Берендя понизил голос и широко открыл свои желтые глаза.
- Отец пьяный, в одной рубахе, качается и бежит за нами по комнатам, а мы с матерью все от него... кричим...
- Послушай, - перебил его Вервицкий, - ты не обижайся: я тебе совет дам - никогда не рассказывай этого, потому что делу ты этим не поможешь, а сам выходишь в каком-то таком несимпатичном свете...

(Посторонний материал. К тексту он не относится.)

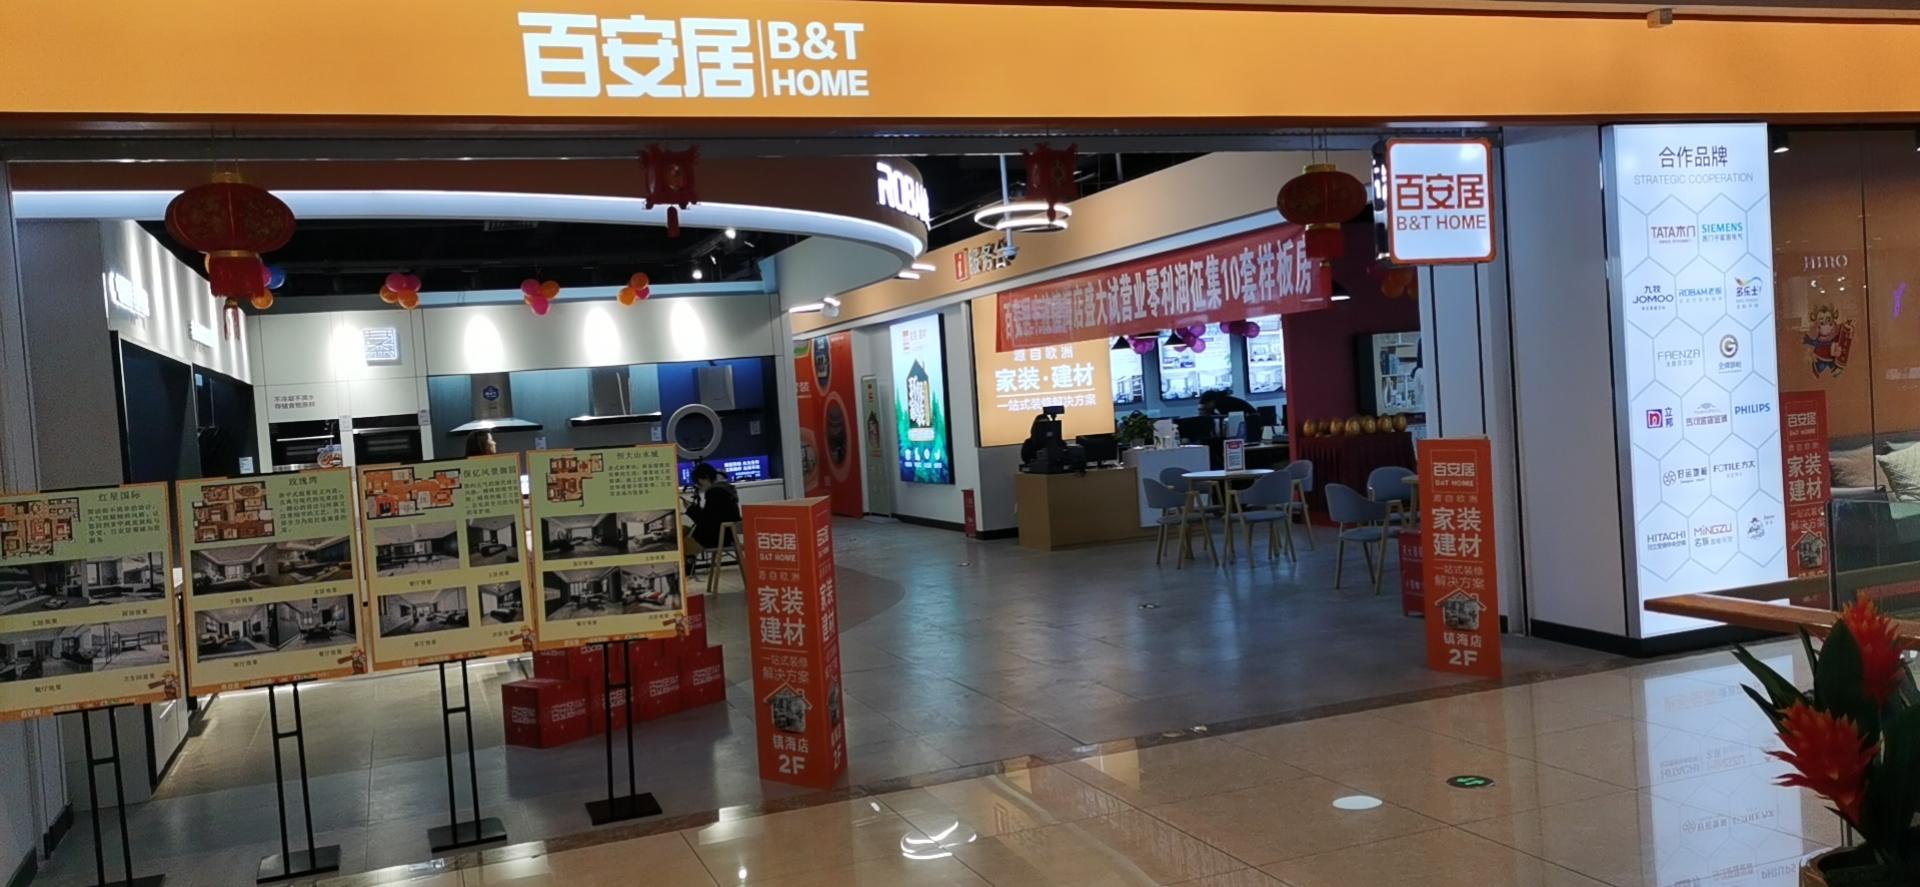 宁波镇海吾悦店

- Да я никогда никому и не говорю, - испуганно успокоил друга Берендя.
- И не надо говорить.
Друзья опять замолчали.
Мысли Вервицкого получили другое направление. Он думал о своем друге, о том, что он не то что дурак, а так, черт его знает что, без всякого такого уменья все это так делать, чтобы выходило по-людски. Ему жалко стало своего обездоленного друга, ему даже захотелось как-нибудь смягчить свое резкое замечание, которое он сказал от доброго сердца для его же пользы. Он стал уже придумывать что-нибудь, но в это время его вдруг точно что кольнуло в сердце, он быстро схватился за отвислый карман своей старой, из отцовской переделанной, жилетки, и, пощупав тяжелые серебряные часы, удачно купленные на толкучке за четыре рубля, вынул их, приподнялся на локоть к свету, сперва скользнул взглядом с удовольствием по крышке, затем, нажав пружину, посмотрел, который час, и, свистнув, проговорил:
- Э-ге-ге-ге! Десятого двадцать минут... Иди, иди, - добродушно обратился он к Беренде, - я еще ничего не готовил.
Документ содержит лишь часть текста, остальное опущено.